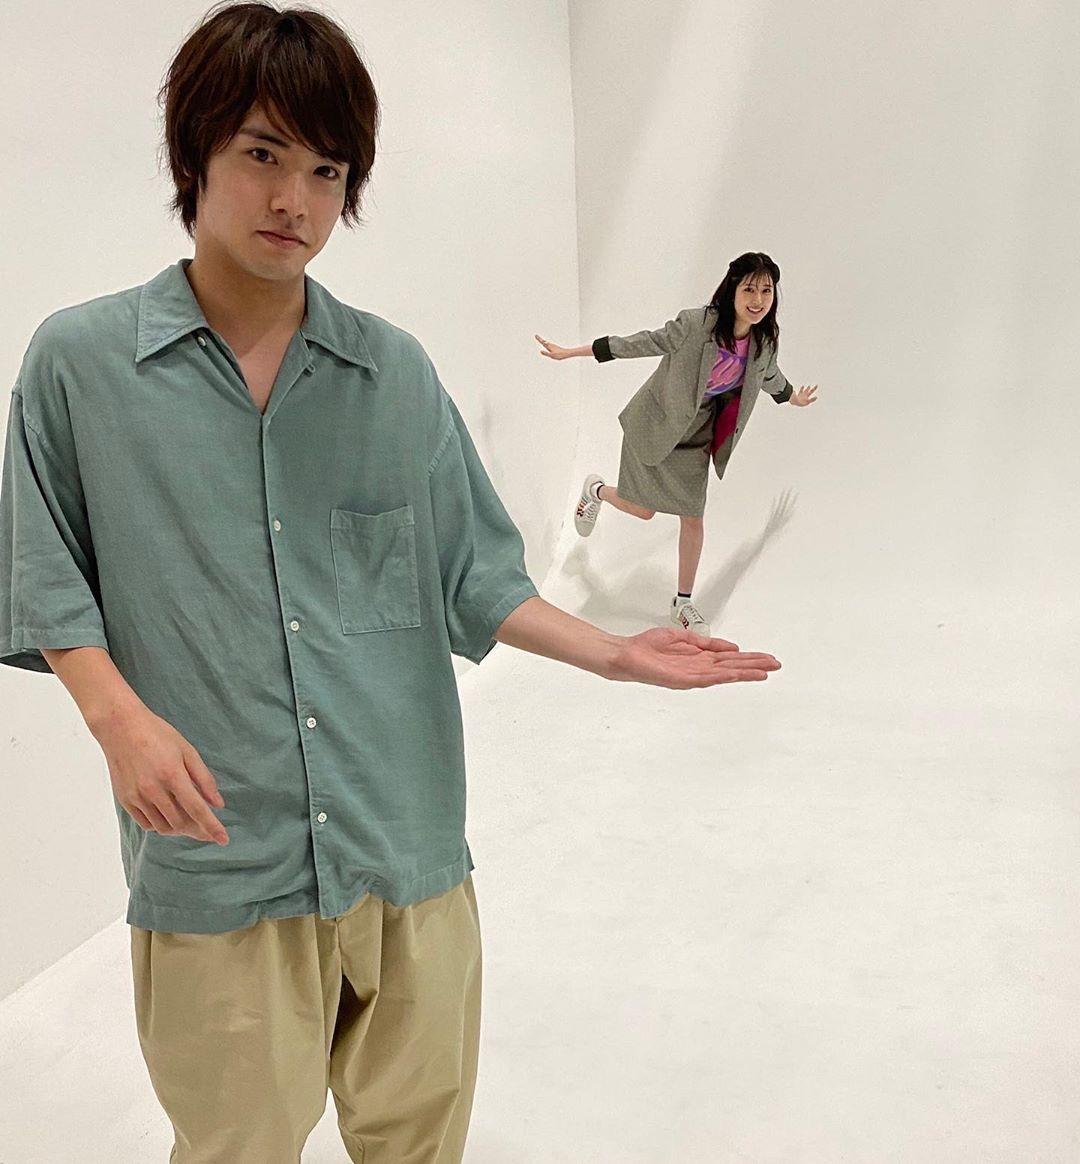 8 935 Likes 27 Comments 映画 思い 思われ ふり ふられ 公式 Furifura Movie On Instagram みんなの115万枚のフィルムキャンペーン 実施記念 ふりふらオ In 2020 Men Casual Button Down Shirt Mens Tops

==

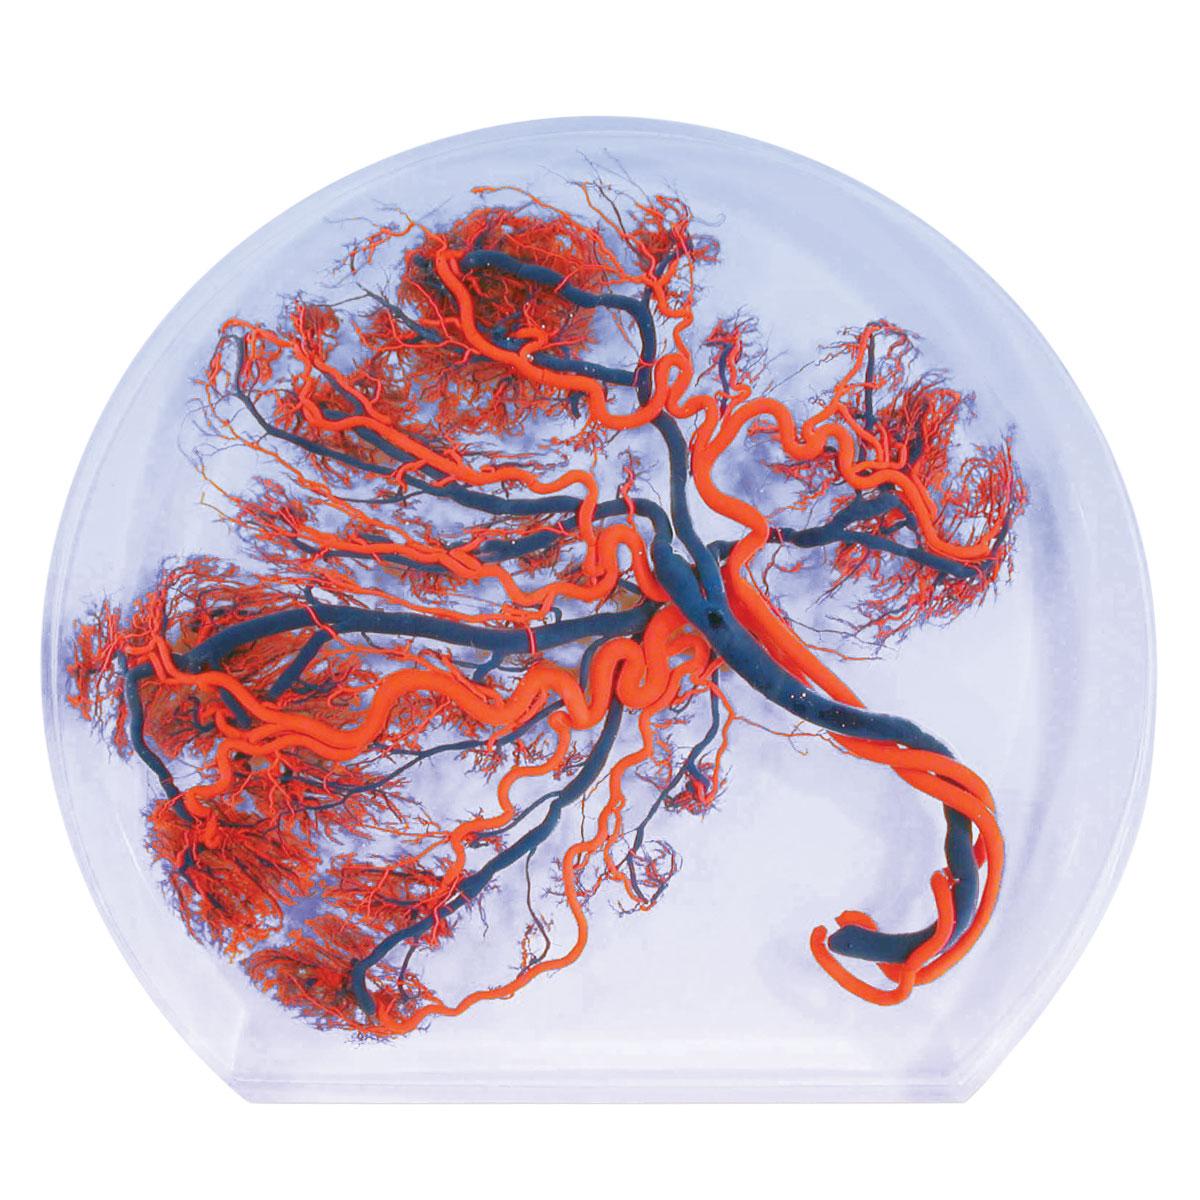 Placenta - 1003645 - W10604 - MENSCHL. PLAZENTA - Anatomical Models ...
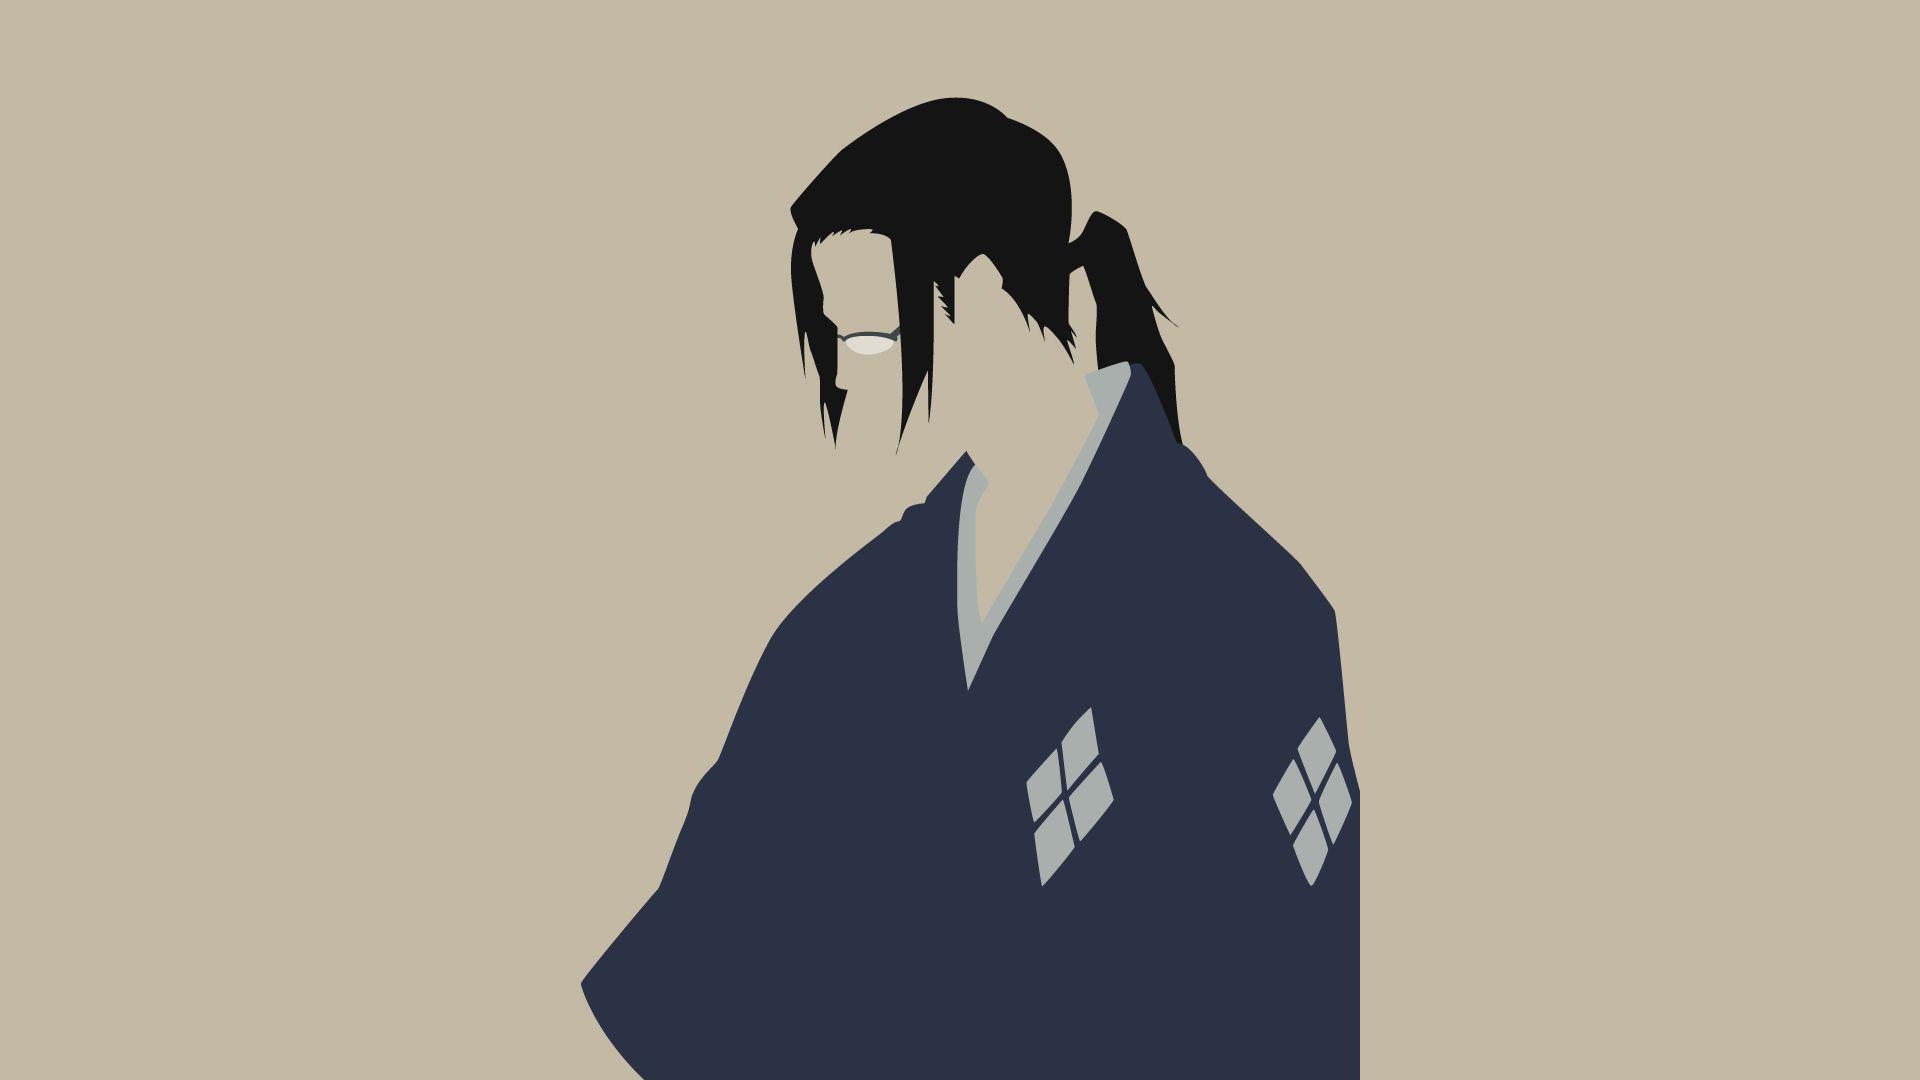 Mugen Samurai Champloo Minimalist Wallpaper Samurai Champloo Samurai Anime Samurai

→ **The problem**: Could the stretch from the line with "Placenta - 1003645" through the line with "Mugen Samurai Champloo" in the listing above be restated word for word, minus the pictures?

→ **Response**:
 Placenta - 1003645 - W10604 - MENSCHL. PLAZENTA - Anatomical Models ...
 Mugen Samurai Champloo Minimalist Wallpaper Samurai Champloo Samurai Anime Samurai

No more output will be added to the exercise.